# Exercise
The lines to transcribe begin with the one containing "Gazdasági viszonyok Thököly" and end with the last line below; reproduce them exactly, without the pictures.

Segment Start: Material provided

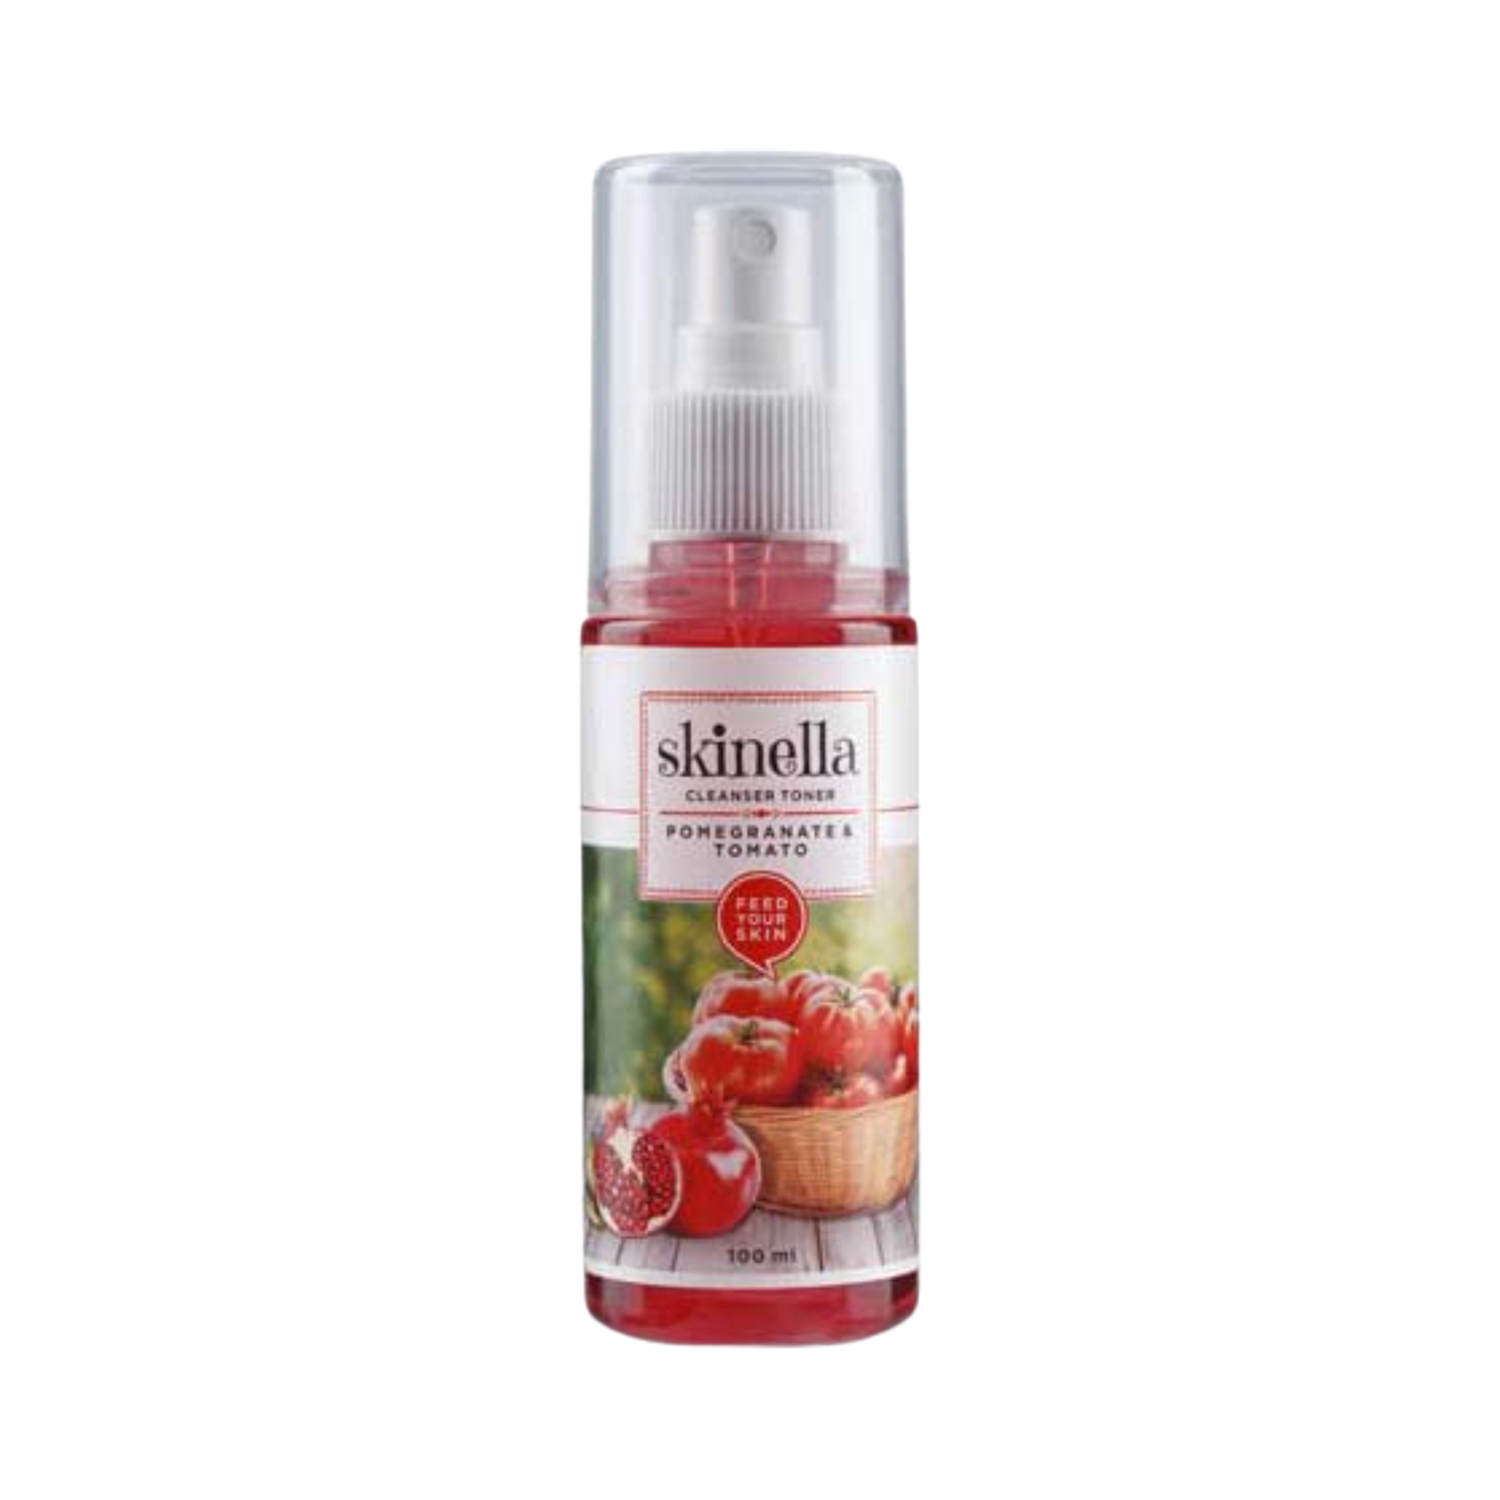 Skinella | Skinella Cleanser Toner - Pomegranate & Tomato (100ml)
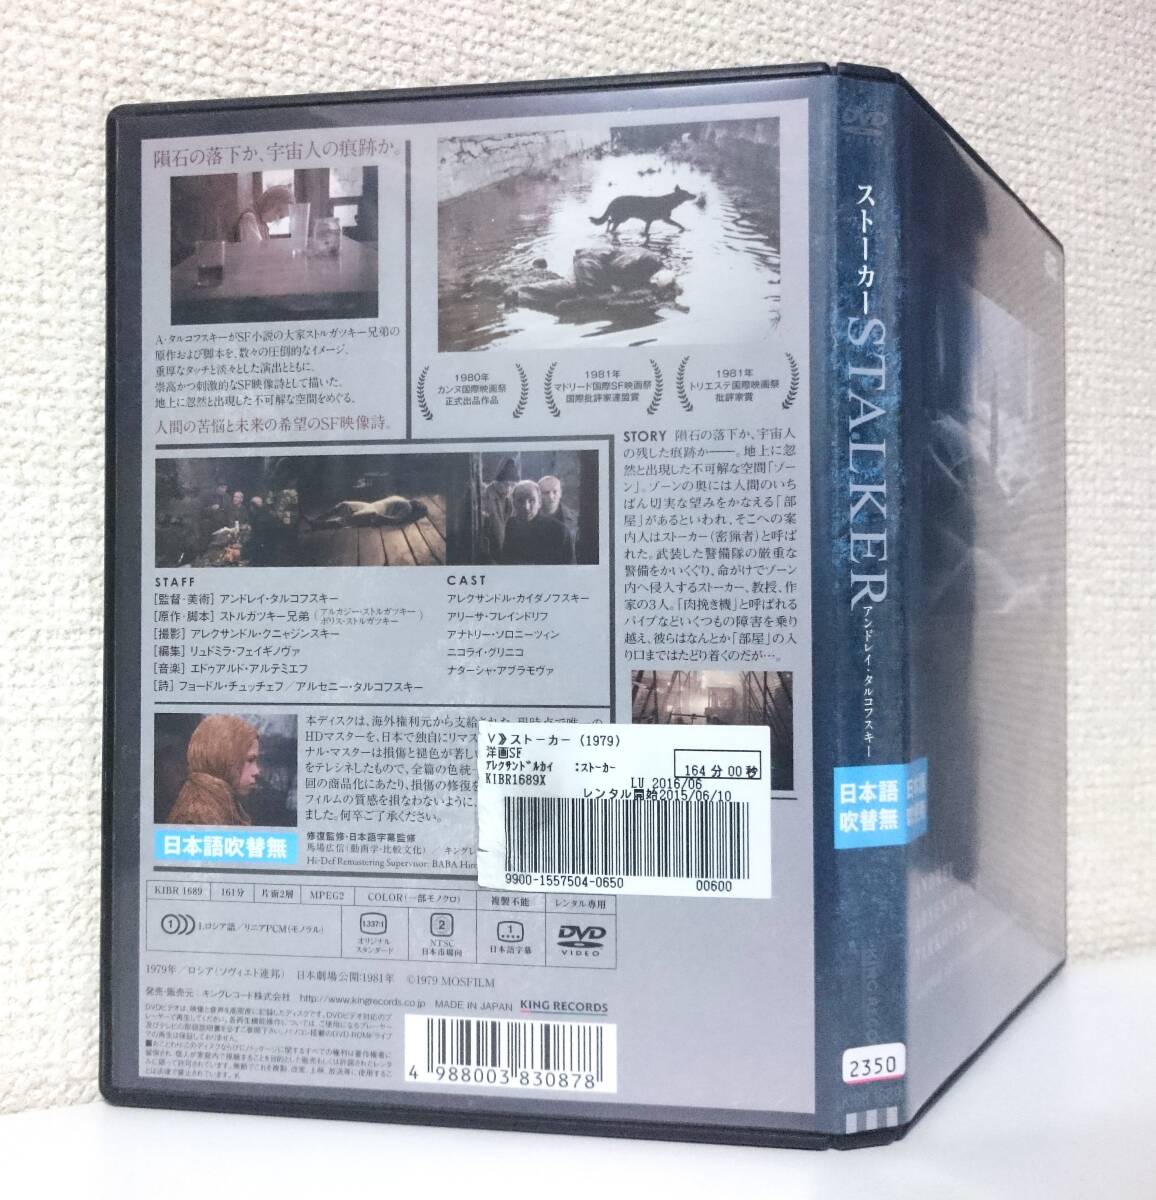 ストーカー / STALKER　国内版DVD レンタル使用品　1979年 アンドレイ・タルコフスキー　ストルガツキー兄弟　70年代 SF映画_背面にやや日焼退色。背面下部に管理番号。
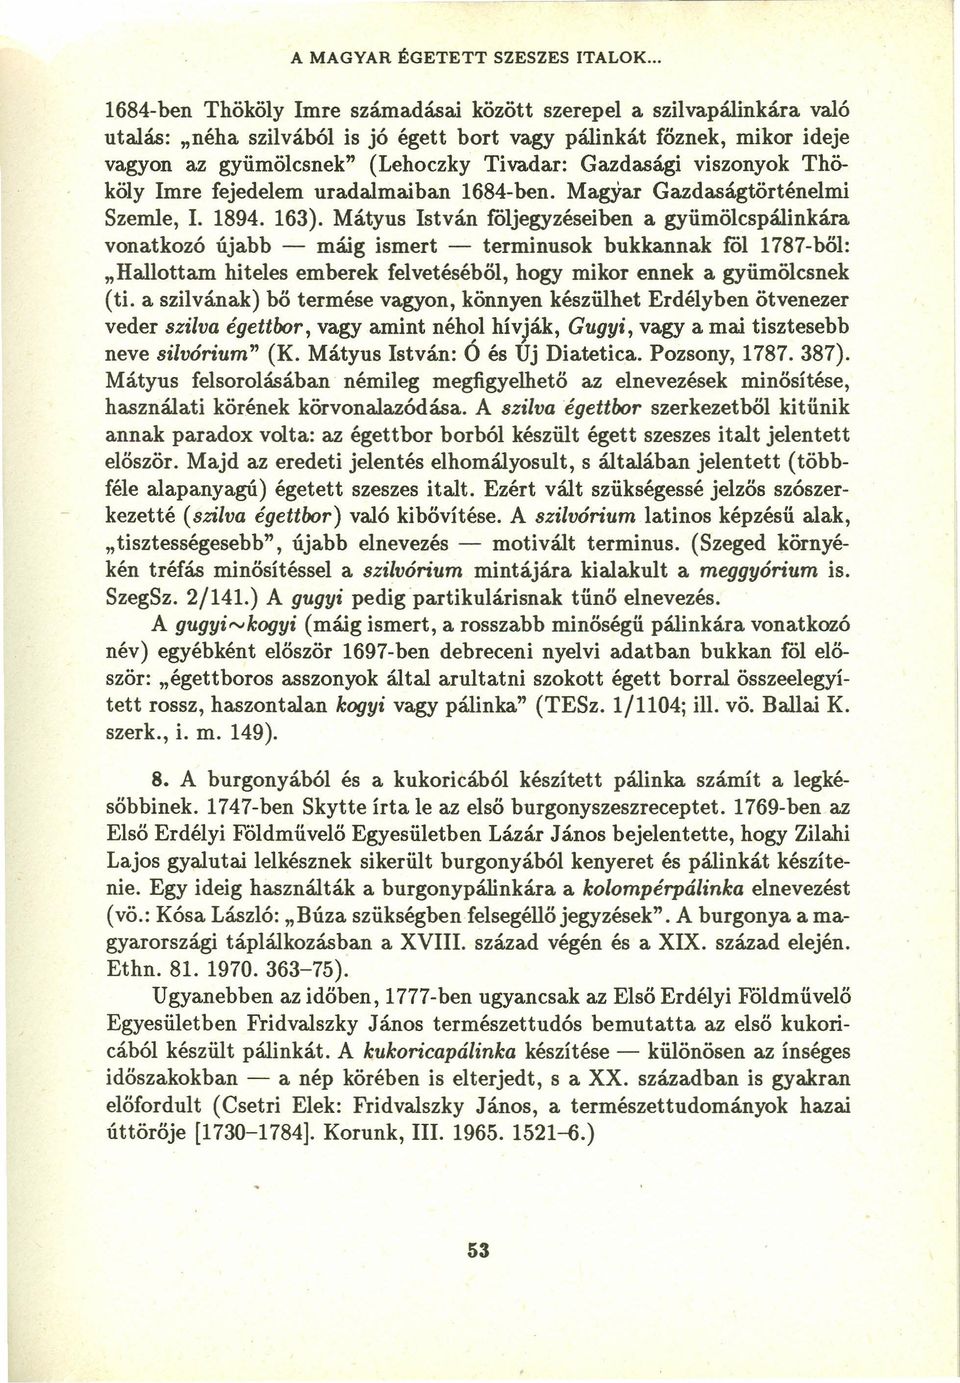 Gazdasági viszonyok Thököly Imre fejedelem uradalmaiban 1684-ben. Magyar Gazdaságtörténelmi Szemle, 1. 1894. 163).
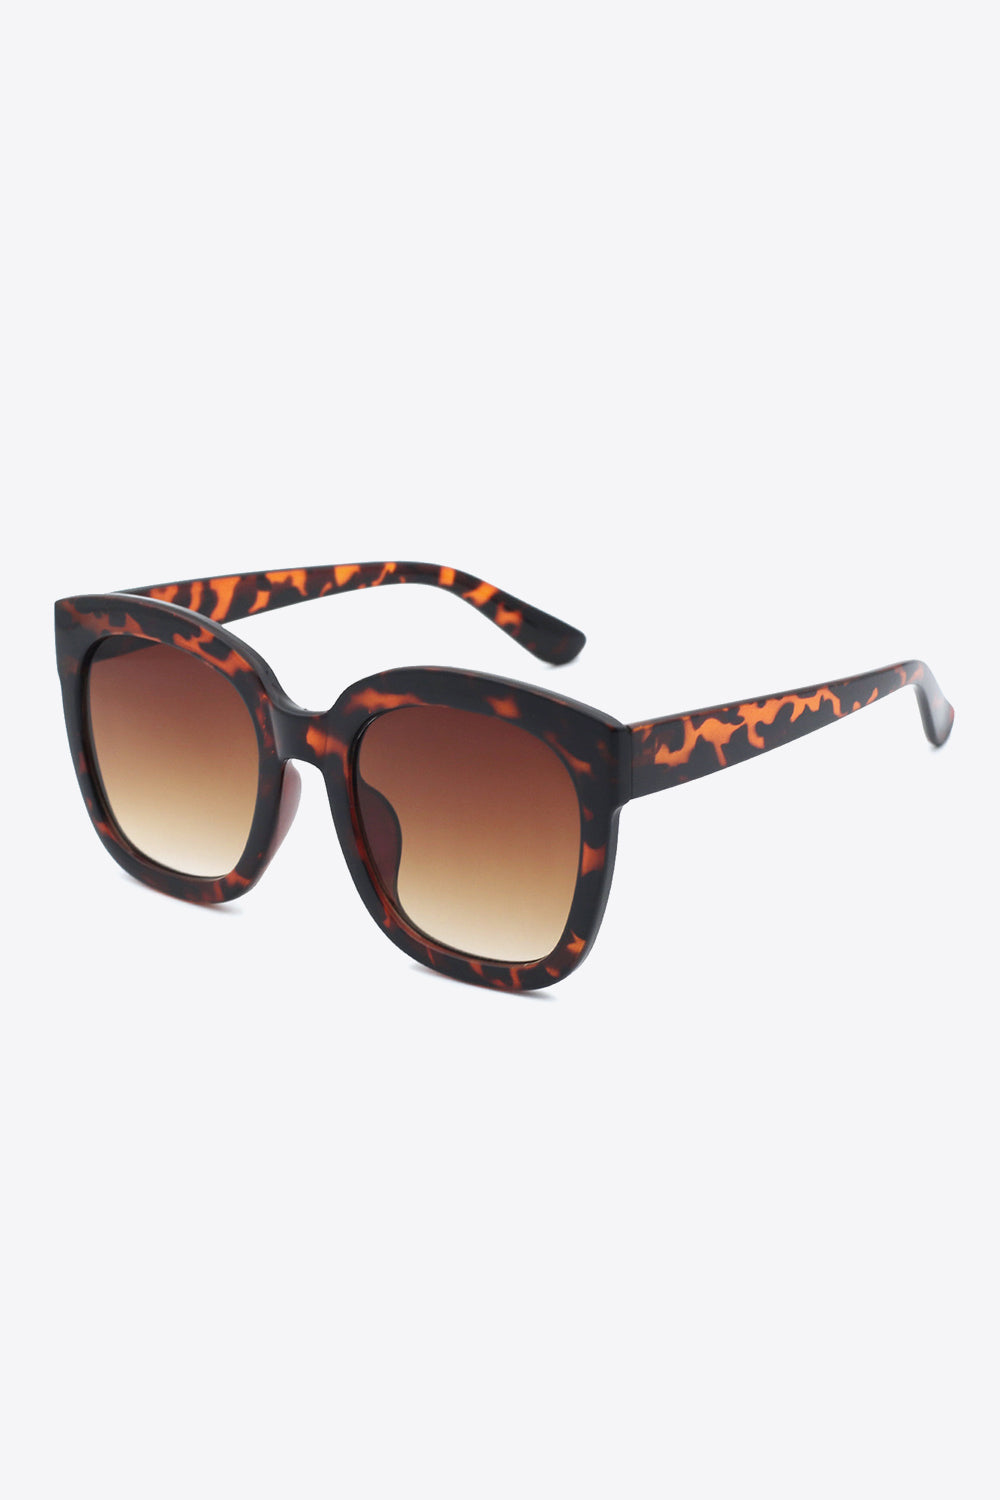 Polycarbonate Frame Square Sunglasses Tangerine One Size Sunglasses by Vim&Vigor | Vim&Vigor Boutique

Segment End: Material provided

# Completed exercise
 Gazdasági viszonyok Thököly Imre fejedelem uradalmaiban 1684-ben. Magyar Gazdaságtörténelmi Szemle, 1. 1894. 163).
 Polycarbonate Frame Square Sunglasses Tangerine One Size Sunglasses by Vim&Vigor | Vim&Vigor Boutique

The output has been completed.